Techno-economics first, pivots sooner
One conspicuous change relates to the program’s insistence on techno-economic analysis right from the start. Fellows are teamed with experienced “business fellows” to work on iterations of system designs, target markets and factory footprints until the numbers pencil out. If they don’t, teams are welcome to pivot — sooner rather than later and with evidence — rather than chasing a narrative down a dead end.
The results are encouraging. Almost all teams from previous classes have landed follow-on funding, program leaders say, and one alum, Holocene, has already exited. Exits aren’t the only metric that matters in climate, but the hit rate suggests the process is making companies more financeable and more likely to survive in the valley of death between lab and line.
Designing for volatility
Uncertainty is being used not as an alibi, but as a design constraint. Fellows are also pressured to diversify suppliers, qualify components across several regions, and anticipate standards compliance in other markets. They also trace revenue pathways that rely on more than one subsidy, in the expectation that incentives could change with electoral cycles or budget reprioritizations.

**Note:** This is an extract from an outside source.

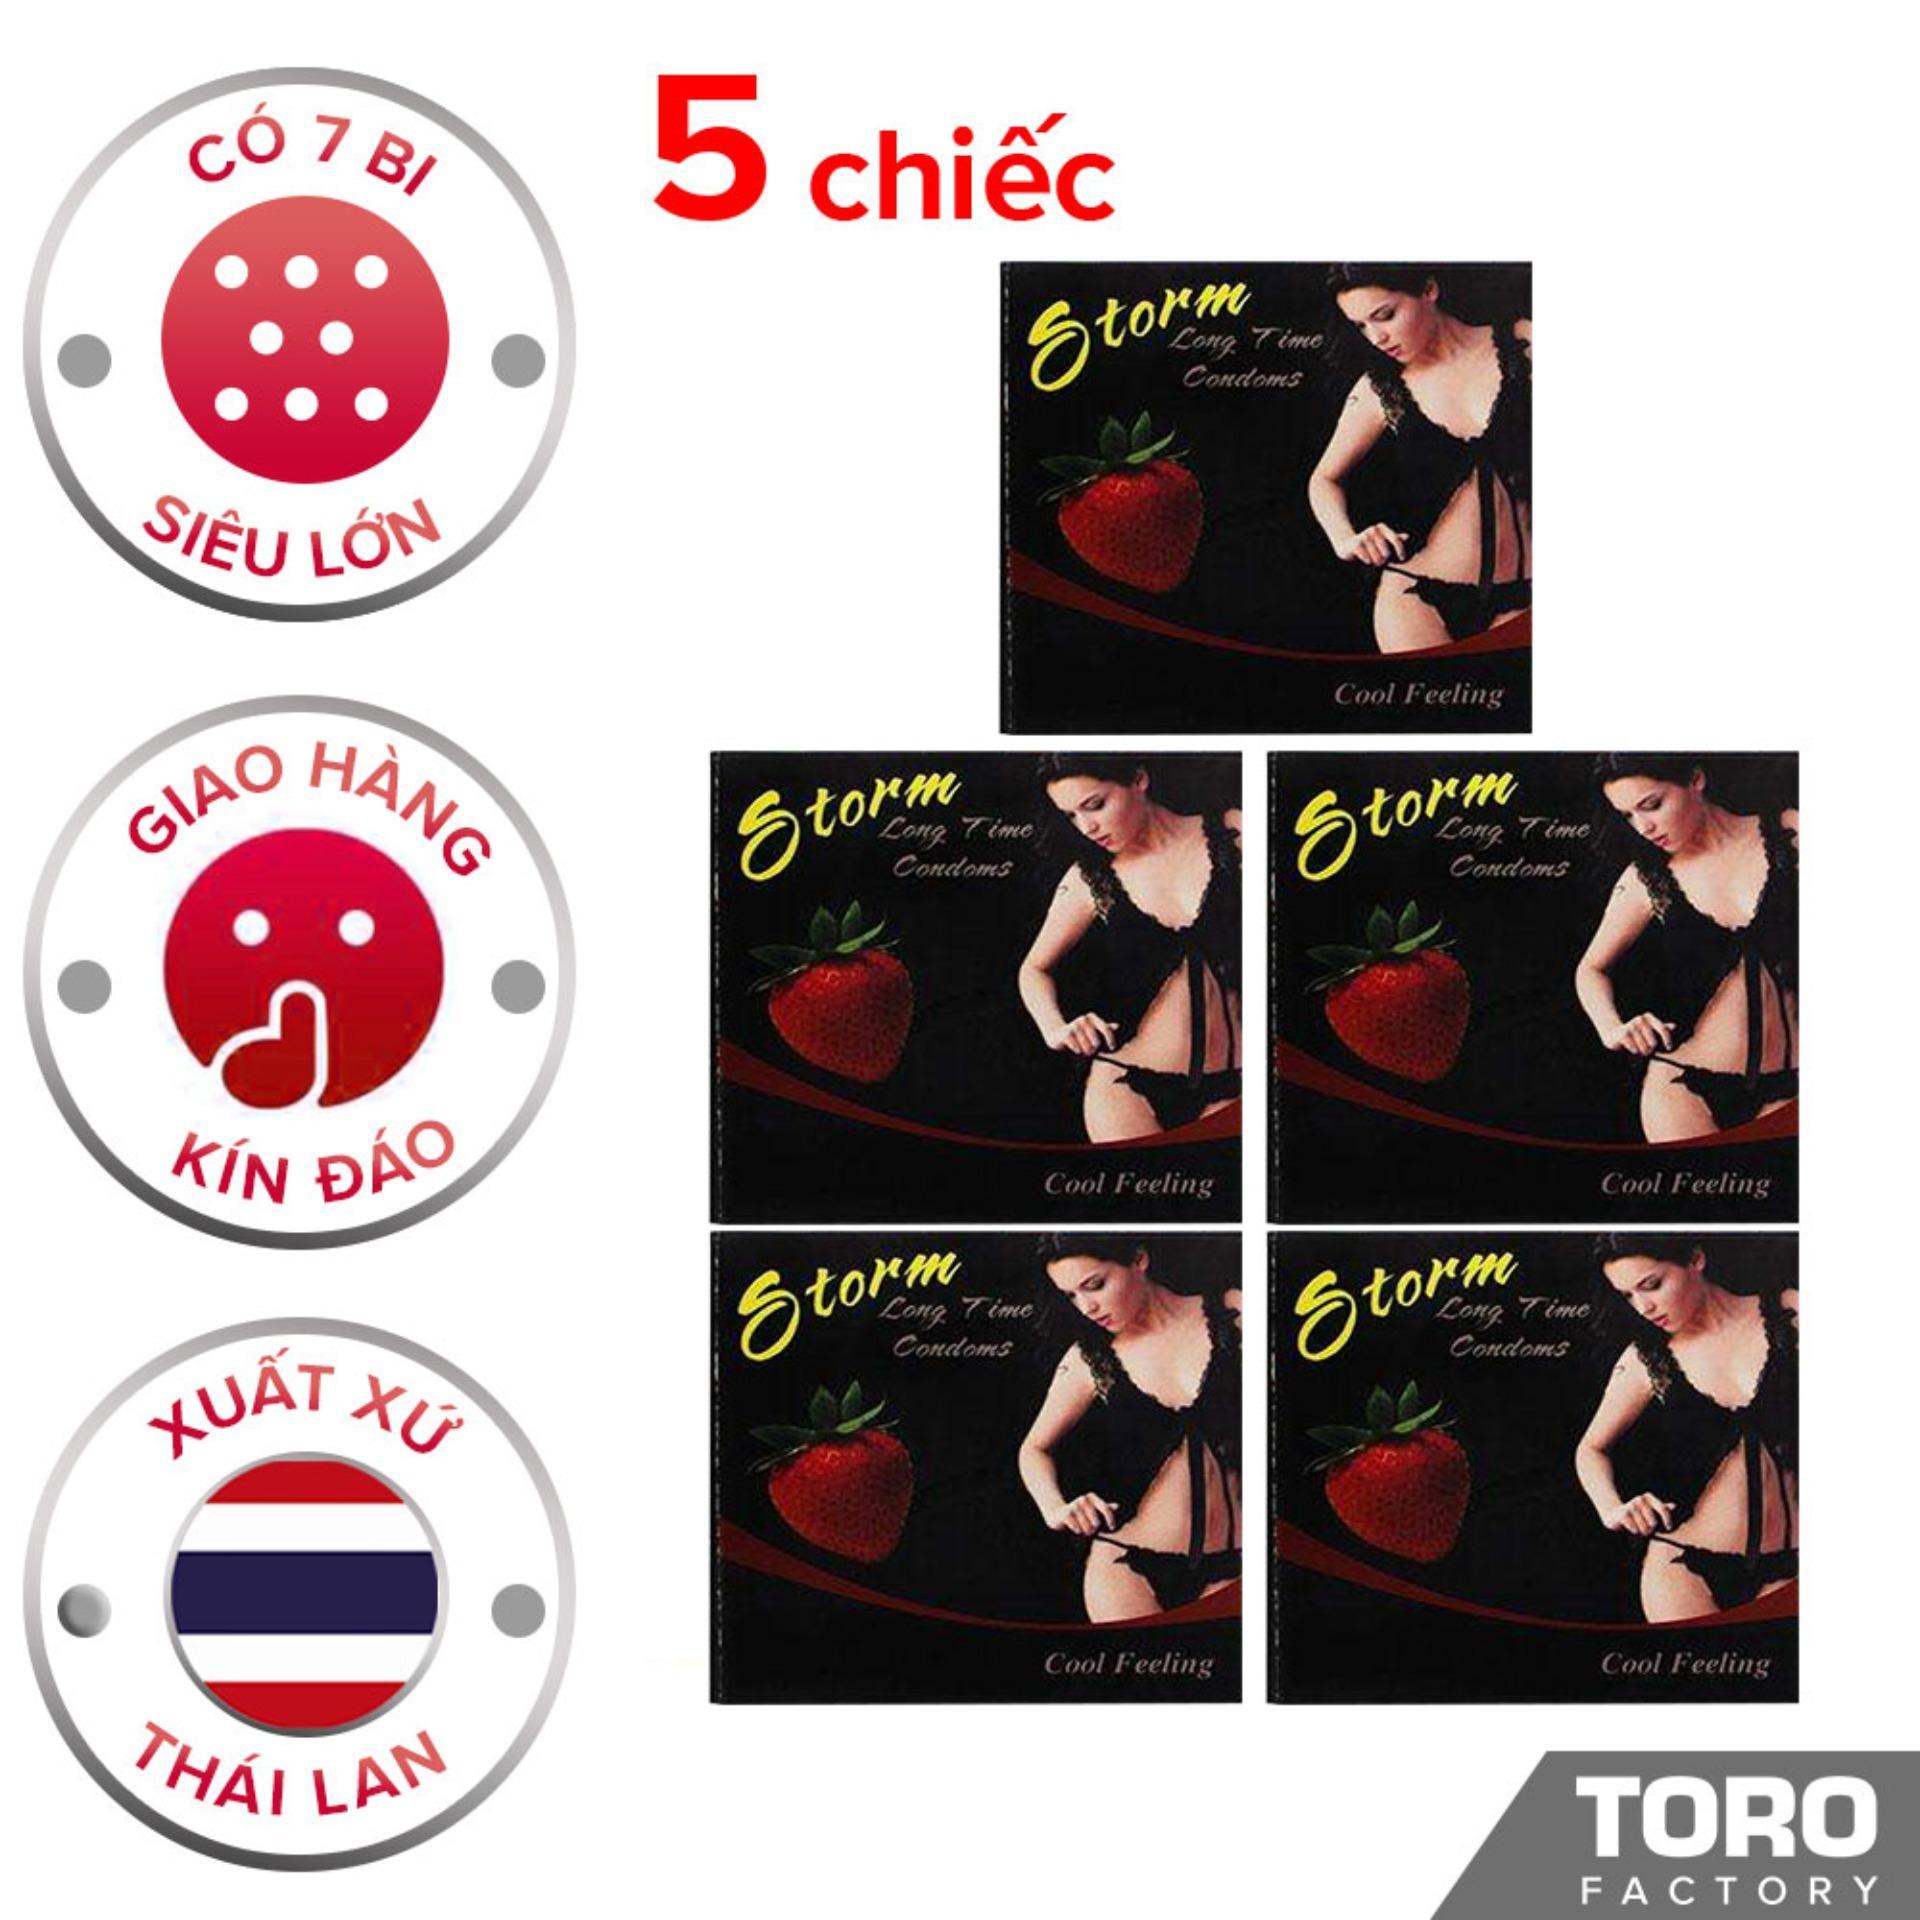 [5 chiếc] Bộ 5 Bao cao su Storm Thái Lan ( 7 bi) thiết kế phần đầu  - Toro nhập khẩu
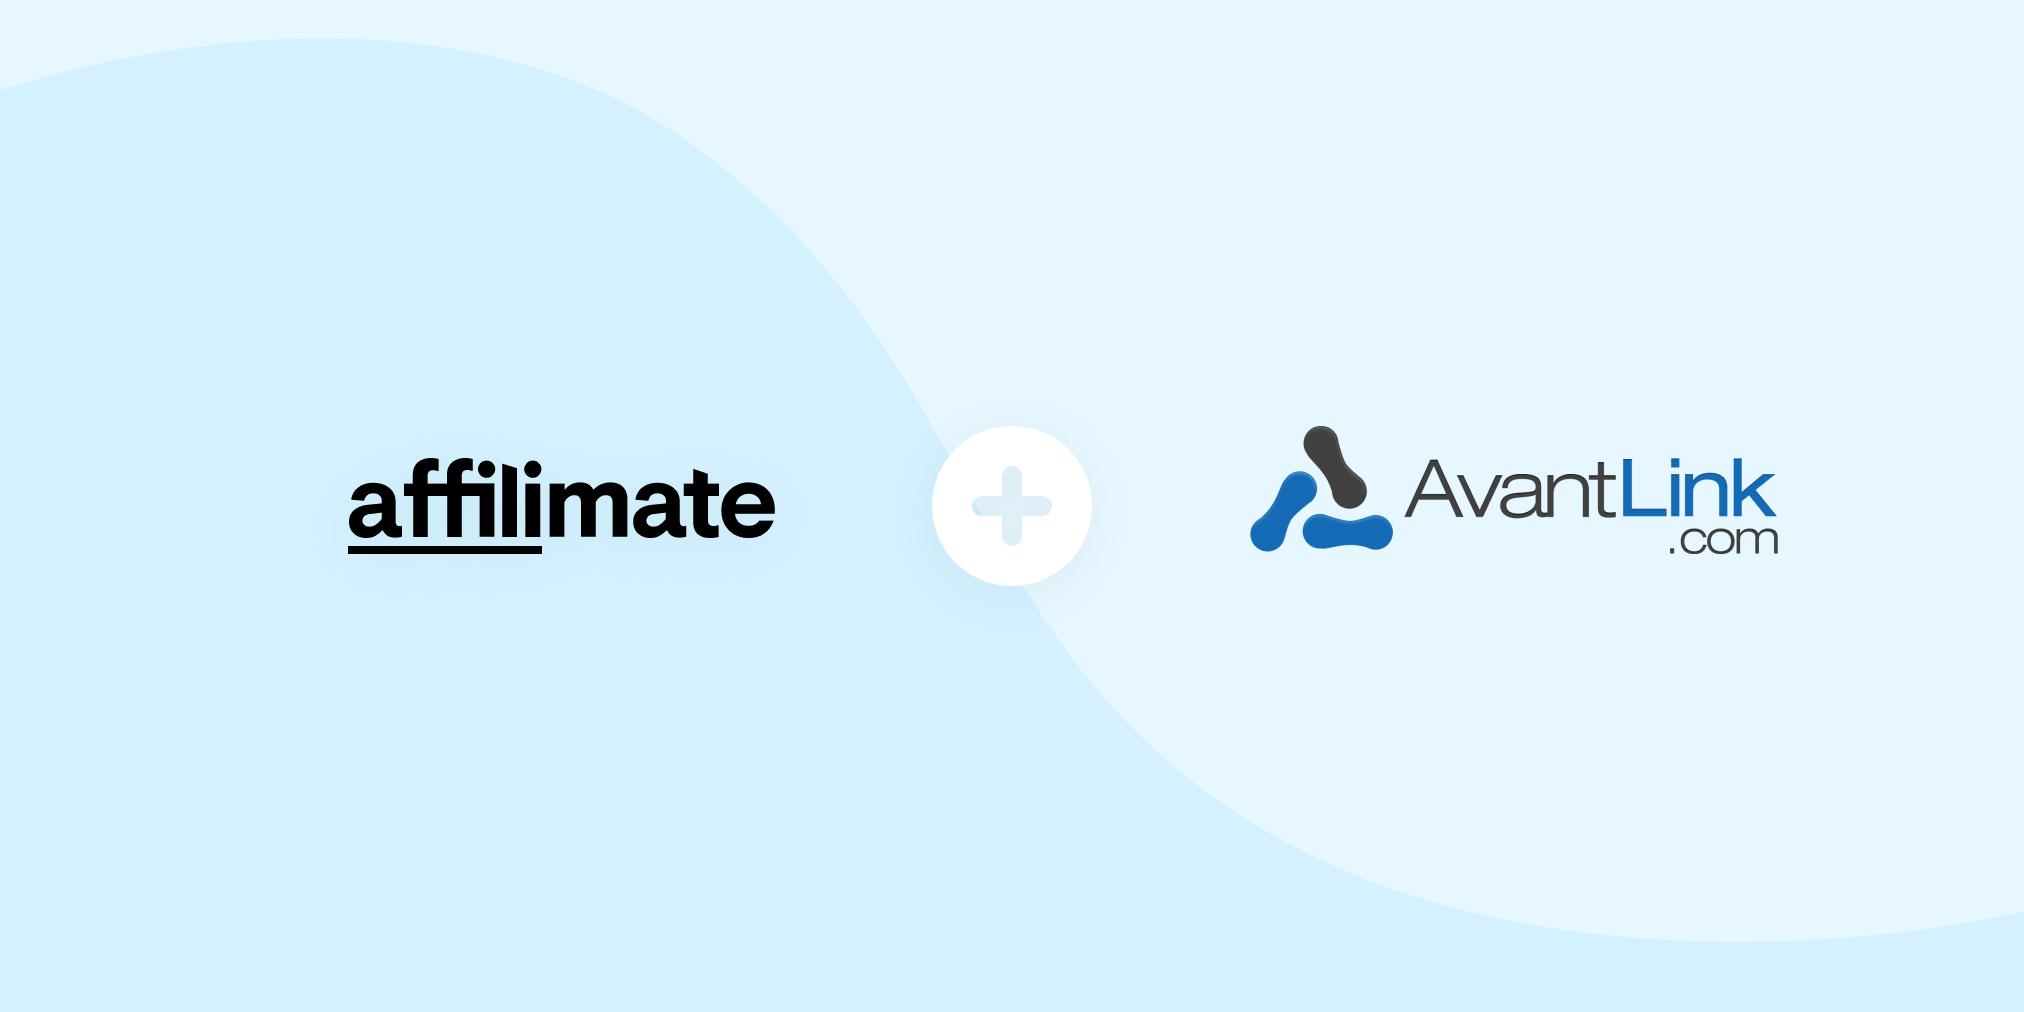 New integration: AvantLink support in Affilimate

This realism is appropriate in this market. According to IEA, global spending on clean energy, is estimated to be now double that of fossil, and yet first of kinds projects struggle still to reach bankability without stronger off-takes and de-risking. Development finance institutions and export credit agencies are filling the gap, but it means founders have to package projects in formats that these lenders understand. The fellows program aims to help close that gap by introducing project finance thinking early.
Why it matters
‘We Are,’ climate tech’s second wave won’t be won with invention alone. Spoils will be the victory of disciplined cost curves, robust supply chains and credible customers. With a pivot to global hubs, rigorous techno-econ and commercialization muscle, Gates’s network is betting that adaptable founders will outlast policy swings and trade shocks.
If the model works, the payoff won’t be just more funded startups but more steel in the ground: hydrogen terminals with actual offtakers; battery plants with the supply chain and the recycling technology; farms that not only cut emissions but raise yields and make more money; grids that can manage the surge of electrification. In an uncertain world, when it comes to a robust lever that we know will generate value for investors, making investing in climate innovation investable may be the one thing on which we can all agree.